If ranges are not too big you can do something like this:
n = 5 # 5 dimentions
x = (-1..1).to_a
x.product(*[x]*(n-1)).each {|i| p i}
Result:
[-1, -1, -1, -1, -1]
[-1, -1, -1, -1, 0]
[-1, -1, -1, -1, 1]
[-1, -1, -1, 0, -1]
[-1, -1, -1, 0, 0]
[-1, -1, -1, 0, 1]
[-1, -1, -1, 1, -1]
[-1, -1, -1, 1, 0]
[-1, -1, -1, 1, 1]
[-1, -1, 0, -1, -1]
[-1, -1, 0, -1, 0]
# skipped

This is what you could do... here is an example iterator.
#next(l[dim] array of lower ranges ,h[dim] = upper ranges, step[dim], dim = dimensions -1, curr[dim] = current state in dim dimensions )

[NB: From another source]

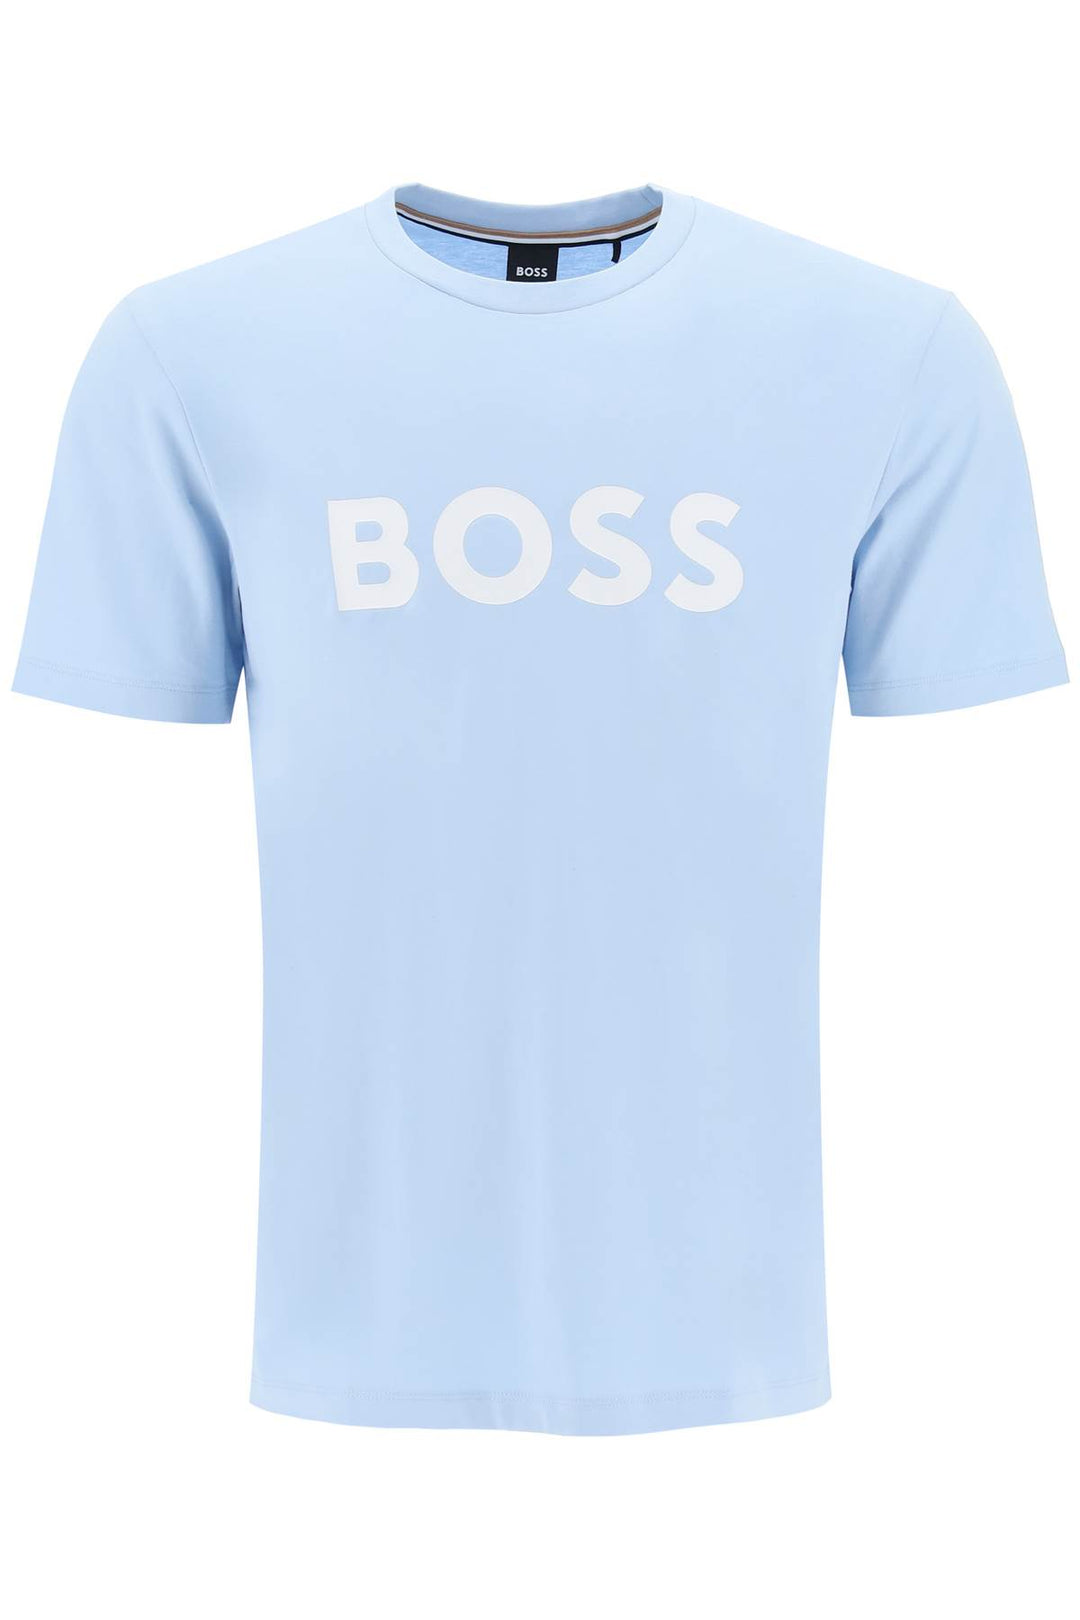 Boss Tiburt 354 Logo Print T Shirt   Light Blue

def nextx(l ,h, step, dim, curr)
x = dim
update= false
while (update==false)
if curr[x] == h[x]
if x > 0
x = x-1
else
exit
end
else
curr[x]= curr[x]+step[x]
while (x < dim)
x = x+1
curr[x] = l[x]
end
update = true
end
end
return curr
end
l = [0,0,0]
h = [3,3,3]
step = [1,1,1]
currx = [0,0,2]
i = 0
while i < 70
currx = nextx(l, h, step, 2, currx)
puts currx.inspect
i=i+1
end

This is typically encountered in algorithms that explore a search space. The do loops are creating a product space from the one dimensional ranges.

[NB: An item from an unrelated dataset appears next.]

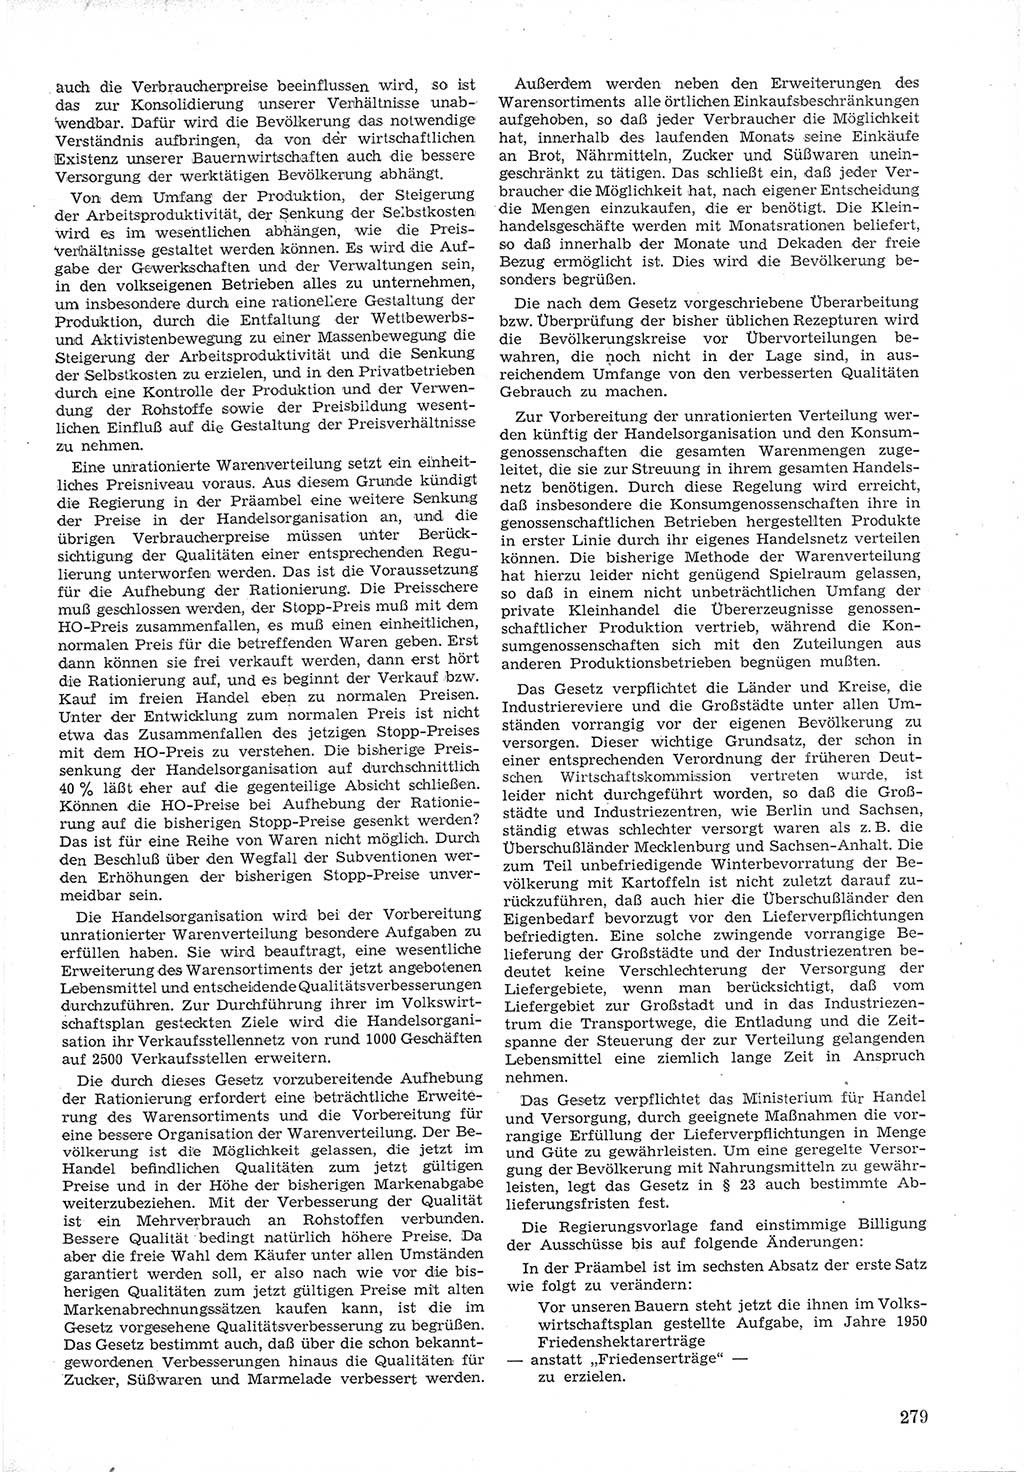 Provisorische Volkskammer (VK) der Deutschen Demokratischen Republik (DDR) 1949-1950, Dokument 293 (Prov. VK DDR 1949-1950, Dok. 293)

First pack as many ranges are needed into an array e.g.
search_space_1Ds = [x_range.step(step_size).to_a, y_range.step(step_size).to_a, z_range.step(step_size).to_a]
then the following will work with an arbitrary number of dimensions.
search_space = search_spaces_1Ds.shift.product(*search_space_1Ds)
search_space.map do |vec|
# calculate something with vec
end
This implementation is not only concise, it makes it very clear what your algorithm is doing; enumerating through a search space that is created as the product space of the one dimensional search spaces.